Research Article, J Virol Antivir Res Vol: 6 Issue: 3
Isolation and Identification of Enteroviruses from Sewage and Sewage-Contaminated Water Samples from Ibadan, Nigeria, 2012-2013
Johnson Adekunle Adeniji1,2, Adetunji Oladapo Adewale1, Temitope Oluwasegun Cephas Faleye1,3, Moses Olubusuyi Adewumi1*
1Department of Virology, College of Medicine, University of Ibadan, Ibadan, Oyo State, Nigeria
2WHO National Polio Laboratory, University of Ibadan, Ibadan, Oyo State, Nigeria
3Department of Microbiology, Faculty of Science, Ekiti State University, Ado Ekiti, Ekiti, State, Nigeria
*Corresponding Author : Moses Olubusuyi Adewumi
Department of Virology, College of Medicine, University of Ibadan, Ibadan, Oyo State, Nigeria
Tel: +2348060226655
E-mail: adewumi1@hotmail.com
Received: October 23, 2017 Accepted: November 06, 2017 Published: November 14, 2017
Citation: Adeniji JA, Adewale AO, Faleye TOC, Adewumi MO (2017) Isolation and Identification of Enteroviruses from Sewage and Sewage-Contaminated Water Samples from Ibadan, Nigeria, 2012-2013. J Virol Antivir Res 6:3. doi: 10.4172/2324-8955.1000177
Abstract
In 2010, we described sewage contaminated water (SCW) bodies that consistently yielded enteroviruses (EVs) in enterovirus surveillance (ES) sites in Lagos, Nigeria. By 2012, we demonstrated the presence and circulation of Wild Poliovirus 3 (WPV3) in these ES sites. Here we describe ES sites that consistently yield EVs in Ibadan metropolis southwest Nigeria.

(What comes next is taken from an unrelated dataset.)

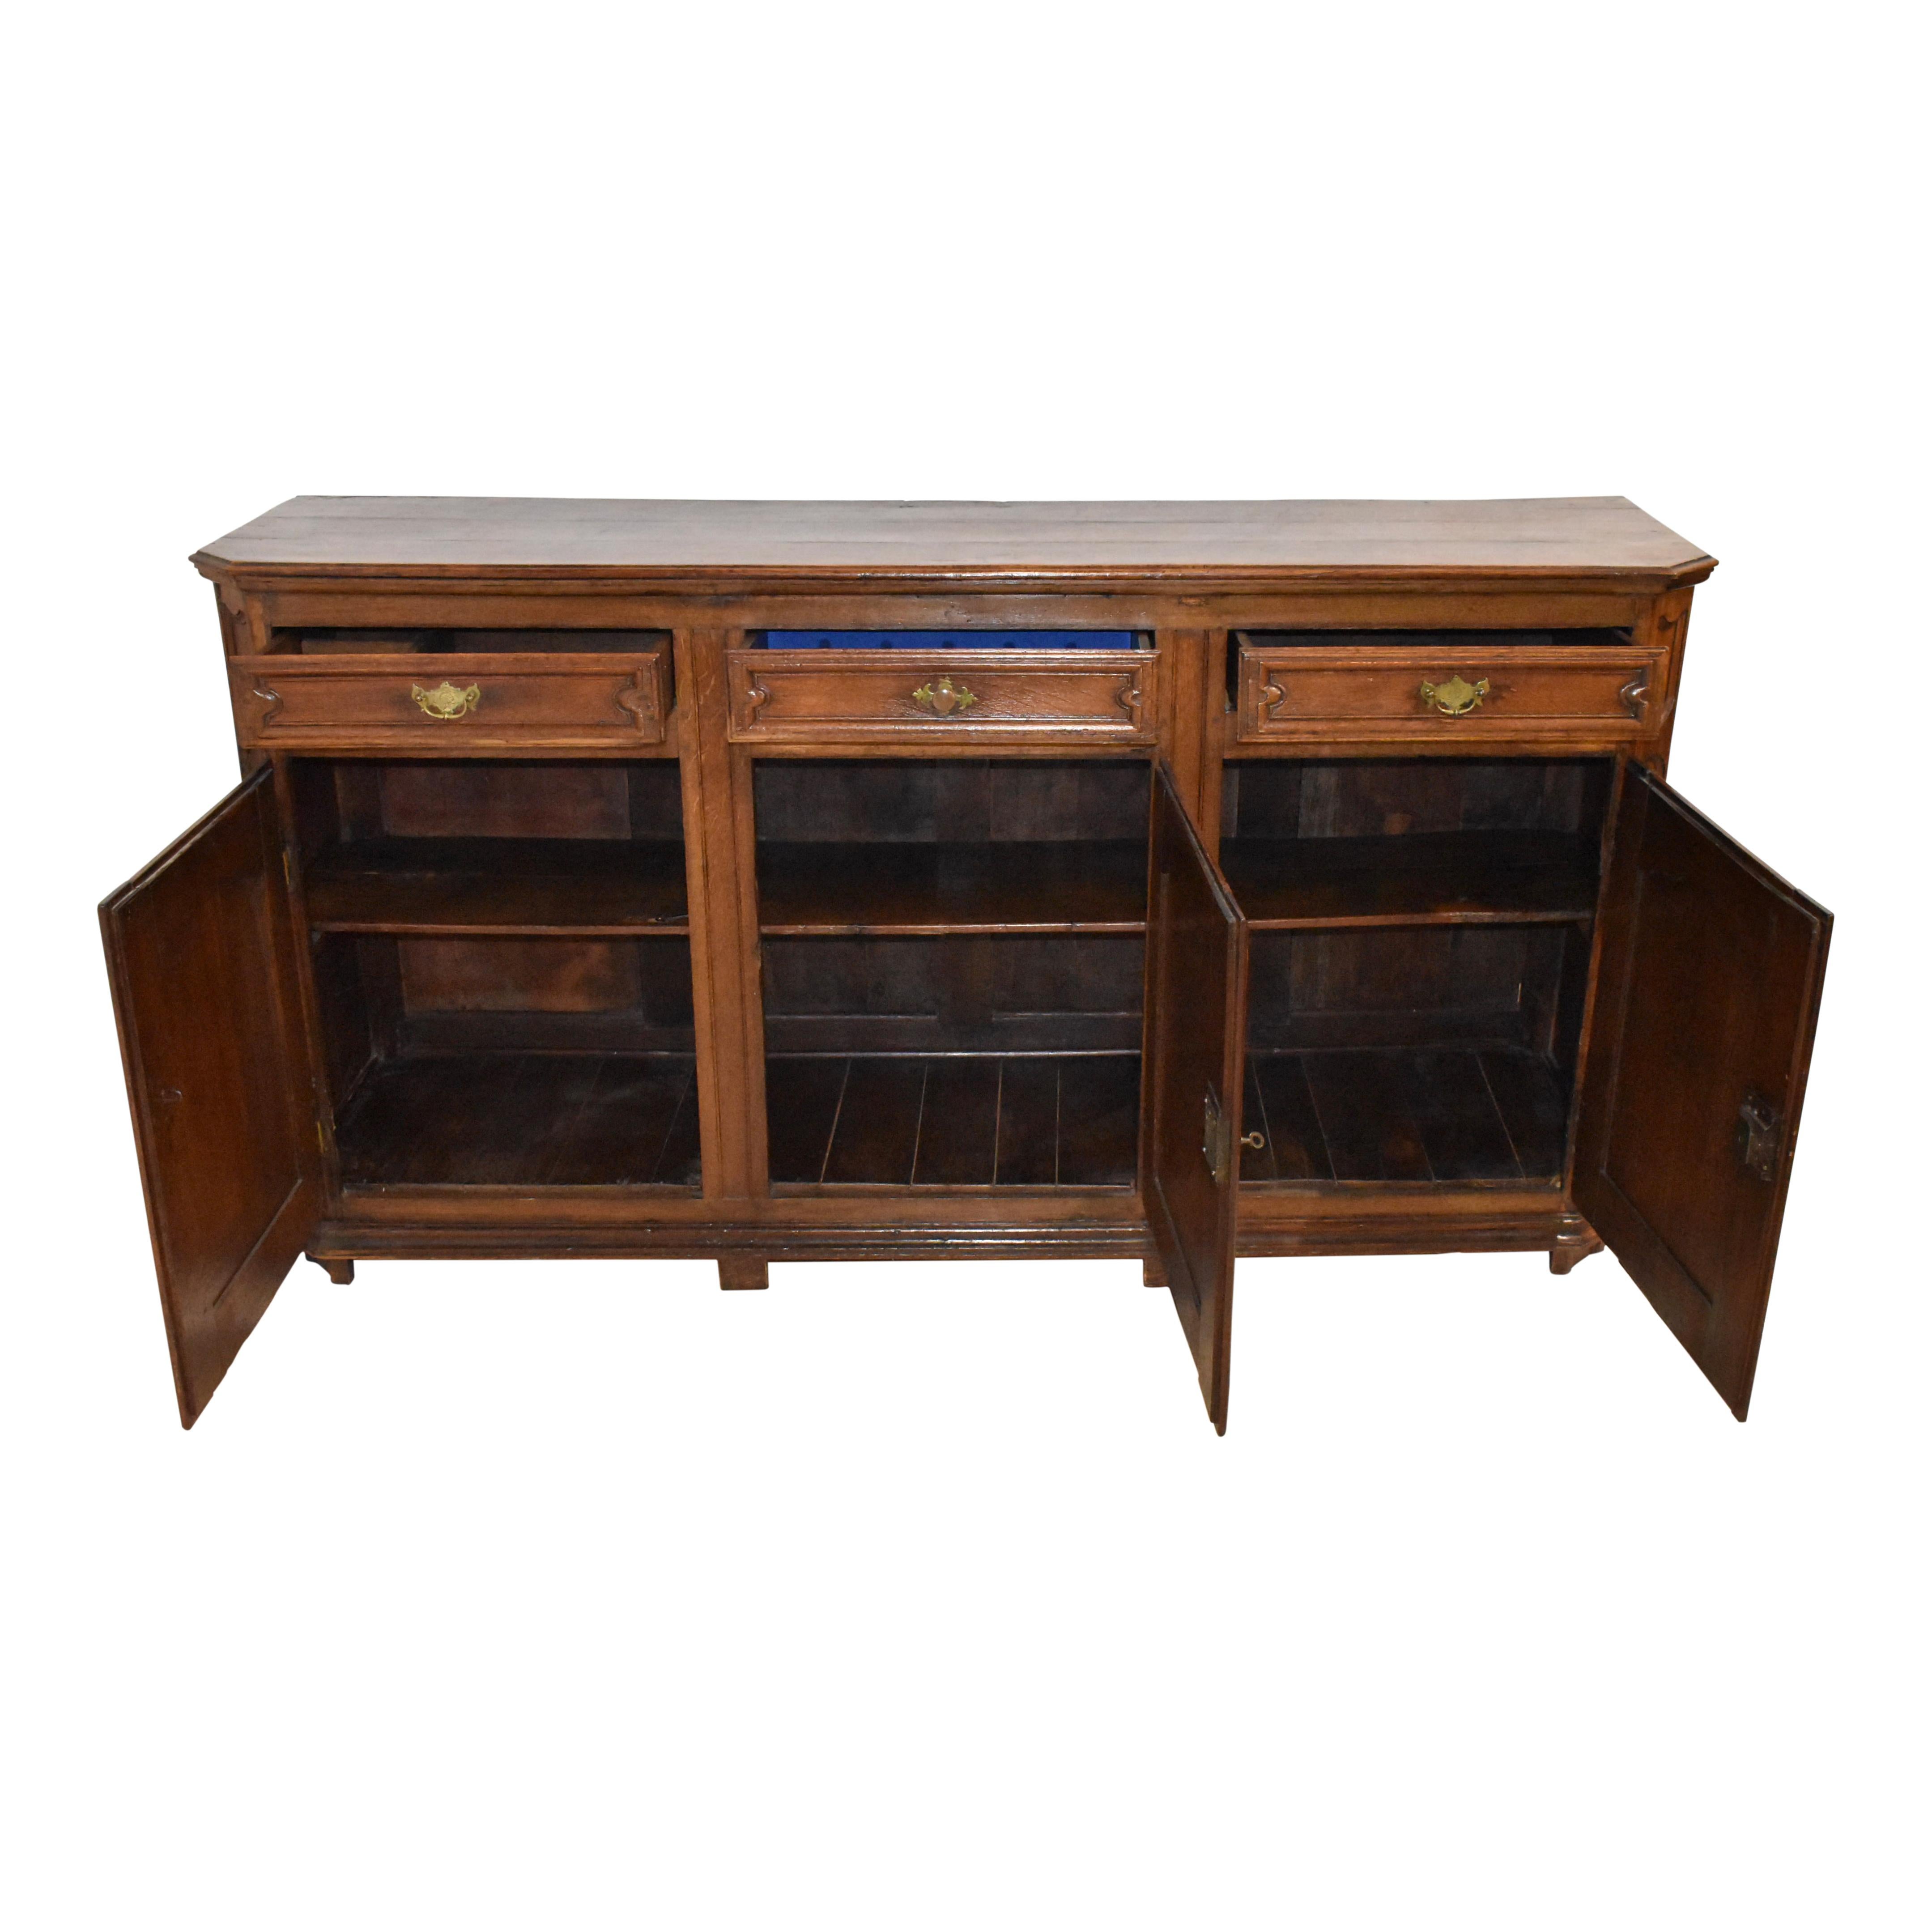 Made of quality European oak and designed with superior craftsmanship, this lengthy sideboard buffet has a footprint of nearly seven feet. Comprised of three drawers over three doors, it has a wealth of storage. The sideboard features a beveled top,

Twenty-five ES samples were collected by grab method from nine sites between October, 2012 and March, 2013. Samples were concentrated and four (RD, HEp2C, MCF-7 and L20B) different cell lines used for virus isolation from the concentrates. Isolates were subjected to RNA extraction, cDNA synthesis, PanEnterovirus 5l-UTR and VP1 assays. Unidentifiable isolates were further subjected to species-specific RTPCR assays. Amplicons were sequenced, isolates identified and subjected to phylogenetic analysis.

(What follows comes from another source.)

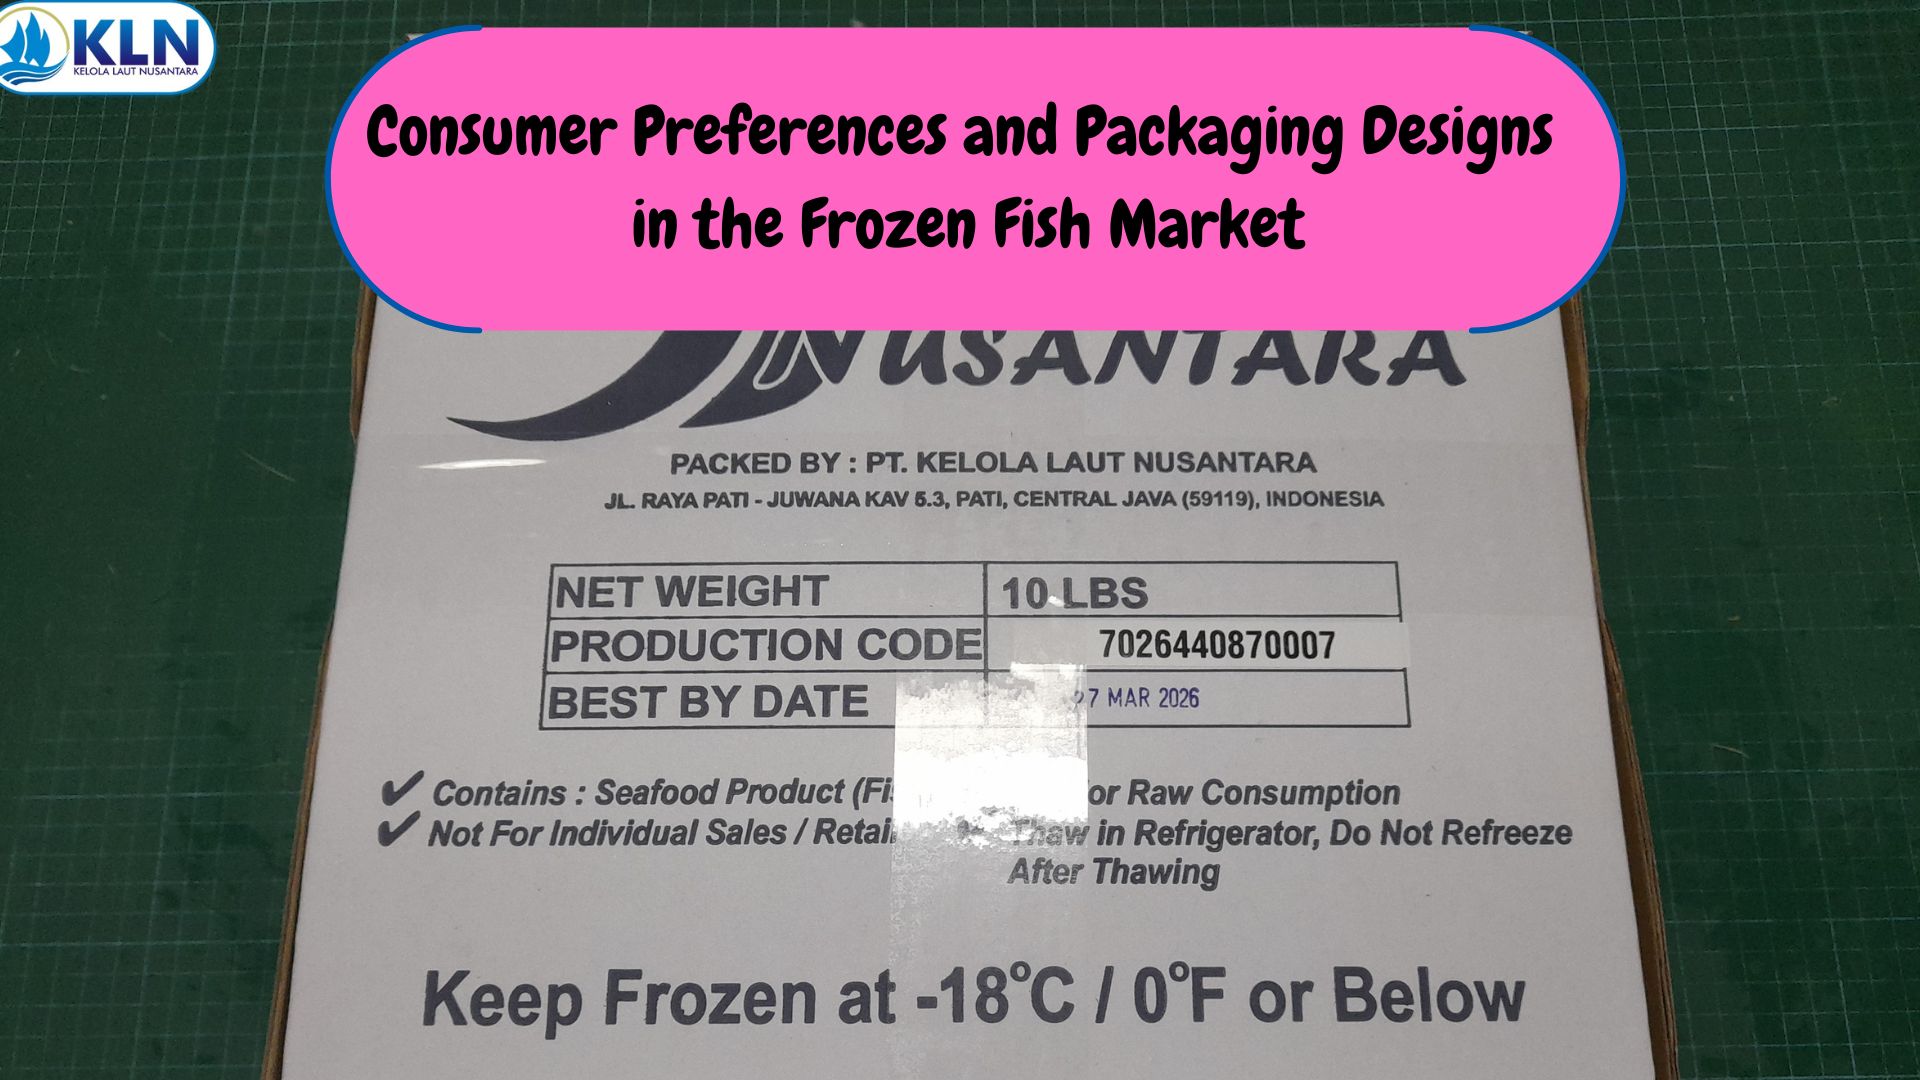 Consumer Preferences and Packaging Designs in the Frozen Fish Market

Twenty-five isolates were recovered from 8 (32%) of the samples collected. Twenty-three of the isolates were identified as EVs by the PanEntero5l-UTR assay. Thirteen (57%) of the 23 EVs were positive for the VP1 assay, and identified as Coxsackievirus B3 (CVB3) (1 isolate), CVB6 (1 isolate), E6 (2 isolates), E7 (5 isolates), E11 (1 isolate), E12 (1 isolate) and E13 (2 isolates). None and 2 (25%) of the remaining isolates were positive for the EV-B and EV-C assays, respectively. The 2 EV-C positive enteroviruses were isolated on MCF-7.
This study describes three very productive ES sites, and documents the presence of CVB3, CVB6, E6, E7, E11, E12 and, E13 in Ibadan, Nigeria. Including other cell lines in EV isolation protocols can broaden the diversity of EV types recoverable.